Reports until 05:16, Wednesday 22 November 2017
H1 DetChar (DetChar, PEM)
evan.goetz@LIGO.ORG - posted 05:16, Wednesday 22 November 2017 (39505)
O2 lines and combs in H1 data
Pep Covas, Evan Goetz, Ansel Neunzert, Brynley Pearlstone, Keith Riles

Summary:
We report on lines and comb investigations by the CW group that lead toward a version 1 lines and combs safe for cleaning in O2 H1 data. Run averaged spectra (covering all of O2 except a 1 month epoch, details below), provide a basis for data quality issues that can degrade CW/Stochastic searches. Any sharp spectral feature has a potential to contaminate and degrade astrophysical searches. We attempt to find all of the combs that are obviously non-astrophysical, and to determine any environmental influence for single lines.

If we can mitigate the most prevalent/egregious combs, this would go a long way towards improving the science that can be done with LIGO data. These combs are mostly at low-frequency (f < 100 Hz):

Comb spacing / offset
---------------------
1.0000 Hz / 0.0000 Hz
1.0000 Hz / 0.5000 Hz
1.0000 Hz / 0.9994 Hz
1.0000 Hz / 0.9987 Hz
0.9999862 Hz / 0.2503172 Hz
0.9878881 Hz / 0.0000 Hz

Notching or replacing data from the narrow bins only works as long as no other contamination is in nearby bins. Thus, it would be better to mitigate these combs in hardware.

A full list to the version 1 line/comb list can be found by following this link. Also through this link, one can find the un-vetted lines found in the H1 run-averaged spectrum.

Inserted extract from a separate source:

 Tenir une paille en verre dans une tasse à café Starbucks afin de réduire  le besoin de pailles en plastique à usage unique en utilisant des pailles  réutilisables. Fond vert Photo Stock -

Attached below are plots of the run-averaged spectrum in full, and in narrower frequency bands.

Details:
Using the C01 calibrated h(t) for O2 through July 2017 and C00 calibrated h(t) for Aug. 2017, we produce 7200 s long Short Fourier Transforms (SFTs), excluding CAT1 CBC vetoes. This mimics many CW searches and also provides good frequency resolution and coherence length so that most narrow spectral features that can impact CW searches can be found. We exclude the period from March 14, 2017 17:00:00 UTC to April 18, 2017 23:00:00 UTC to avoid the bad spectral contamination caused by the Pcal camera ethernet adapter (see aLOG 35640).

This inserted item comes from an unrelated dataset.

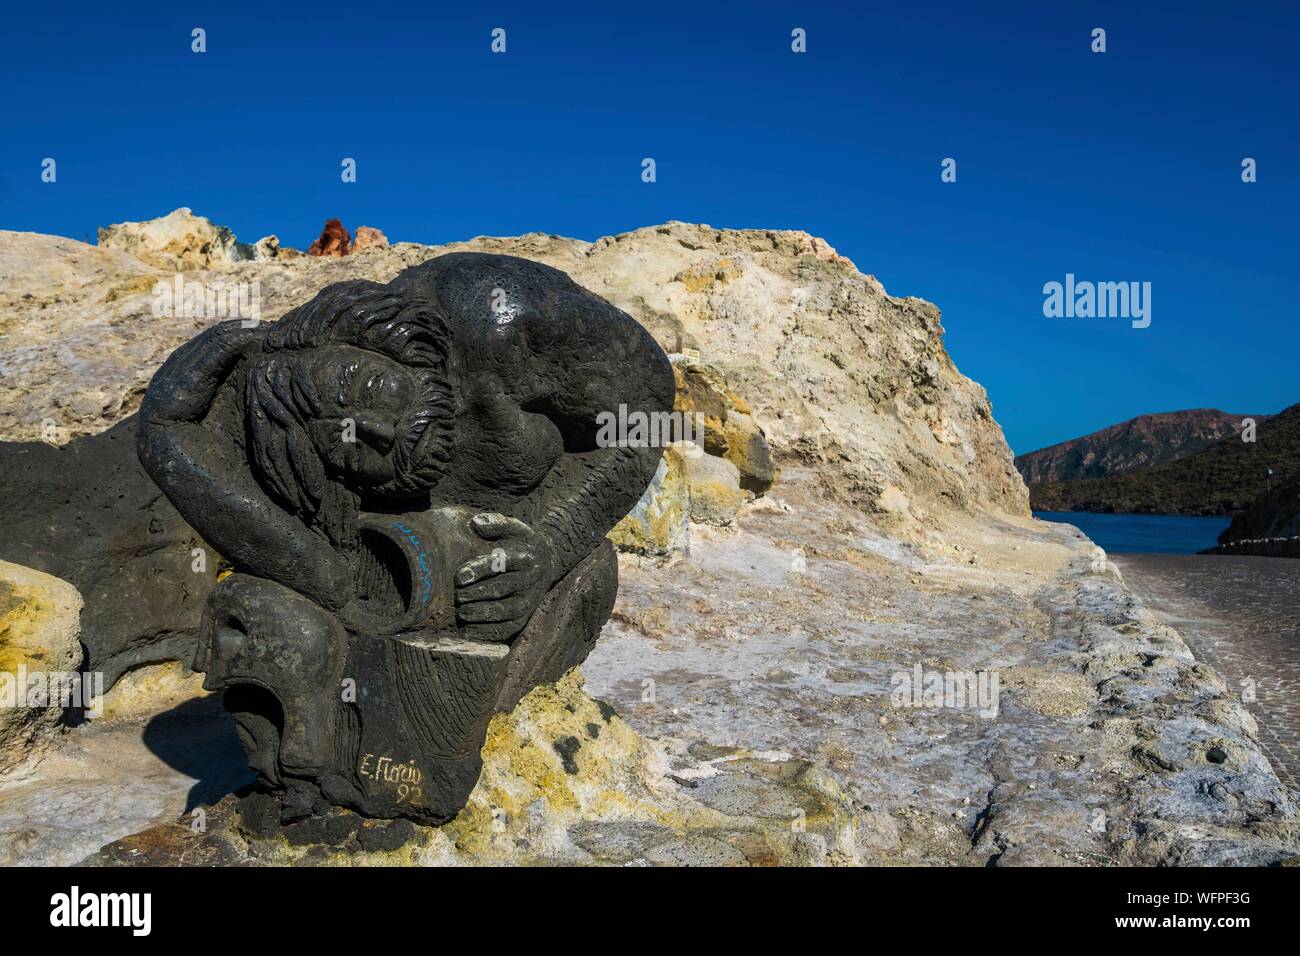 Italien, Sizilien, Liparische Inseln als Weltkulturerbe von der UNESCO, Vulcano, Porto di Levante aufgeführt, Vulcano Statue Stockfoto

In the figures below, the noise-weighted run averaged spectra are plotted over the O2 run and notable features:
Figure 1, 20 Hz - 2 kHz; overall, better than O1
Figure 2: 20 Hz - 50 Hz; combs and lines galore (too many to list here)
Figure 3, 50 Hz - 100 Hz; more combs and lines but better than below 50 Hz, oddball narrow comb forest around 75 - 80 Hz
Figure 4, 100 Hz - 200 Hz; much better here than below 100 Hz, oddball narrow comb forest around 153 - 155 Hz
Figure 5, 200 Hz - 400 Hz;
Figure 6, 400 Hz - 1 kHz; violin harmonic regions are difficult/impossible to analyze (damping these modes may help immensely), oddball narrow comb forest around 970 Hz
Figure 7, 1 kHz - 2 kHz; violin harmonics problematic (again, damping will likely help), other oddball narrow comb forests around 1022 Hz and 1046 Hz

The procedure to find the lines and combs was mostly a divide-and-conquer manual inspection of the data. Narrow features were flagged, and combs could be identified by their common spacing. Some automated tools were helpful, but manual inspection was usually necessary. Combs are obviously non-astrophysical, so almost no vetting needs to be done, but the cause of these combs can remain elusive. 

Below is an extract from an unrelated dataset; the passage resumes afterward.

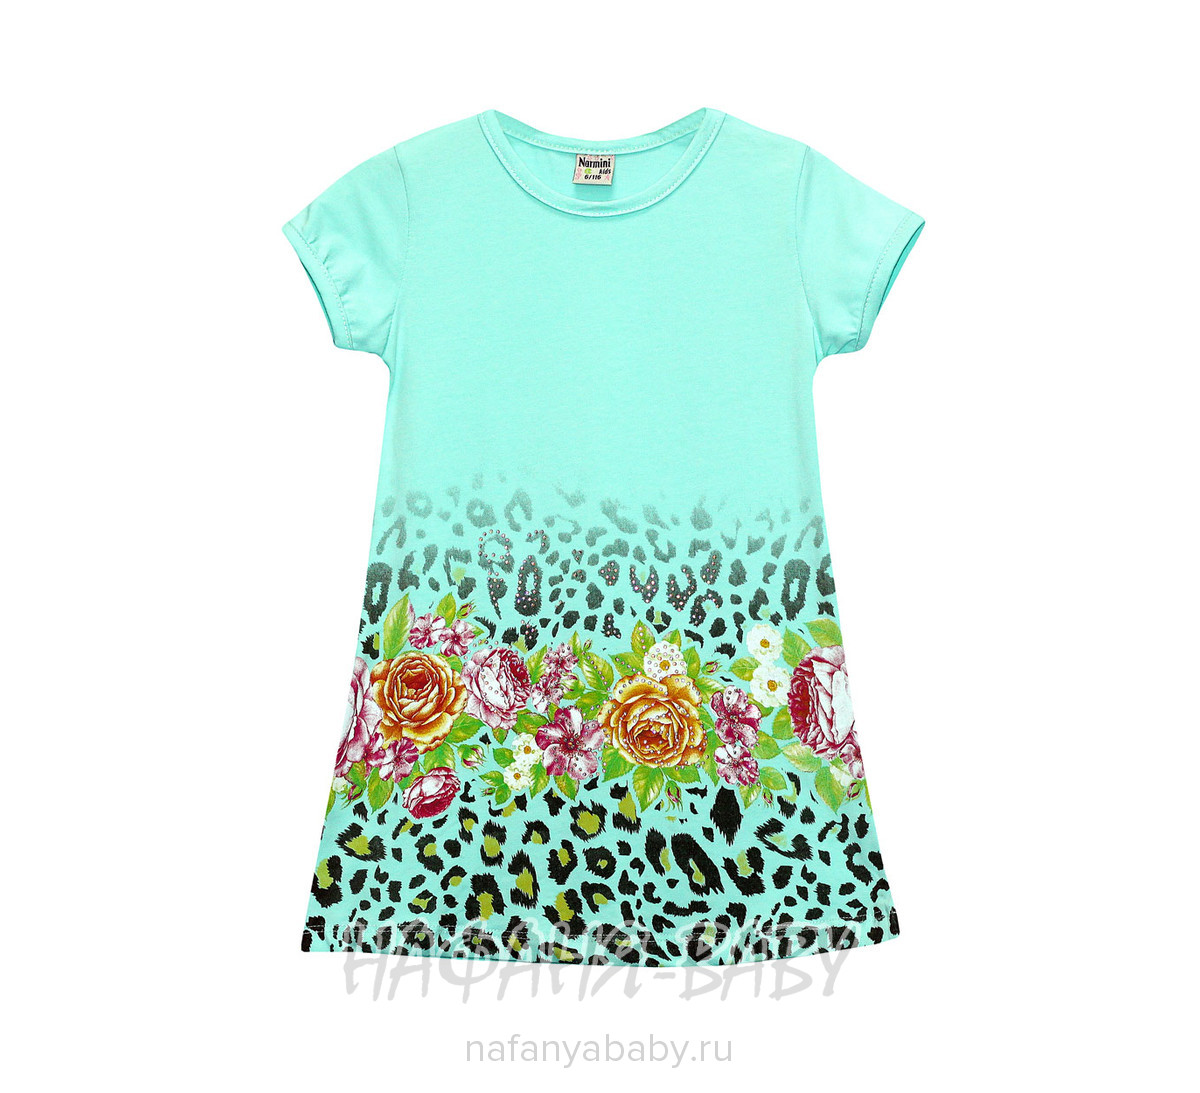 Детское платье NARMINI арт: 5517, 1-4 года, 5-9 лет, цвет персиковый, оптом Турция

Making the timing system LEDs stop blinking has reduced the amplitude of the 1 Hz comb with 0.5 Hz offset, the comb is not completely mitigated in O2 data. Further investigations are underway. Other 1 Hz combs also remain prevalent in the O2 data, probably GPS synced due to their narrowness. Coherence between the sites of these lines has not yet been established, but if GPS synced, then likely coherent (bad for any CW/Stochastic GW search).

Other lines that were found to have environmental cause in O1 and again appearing in O2 data are also in the version 1 line/comb list. Still other lines that are found to be correlated using the NoEMi tool on auxiliary channels are being vetted further using coherence tools. As further investigations proceed on other lines, we may have a version 2 of the lines/combs list.

Takeaway message: Mitigating the most prevalent of combs is going to have the biggest across-the-board impact on CW searches. These combs are listed in the summary section above.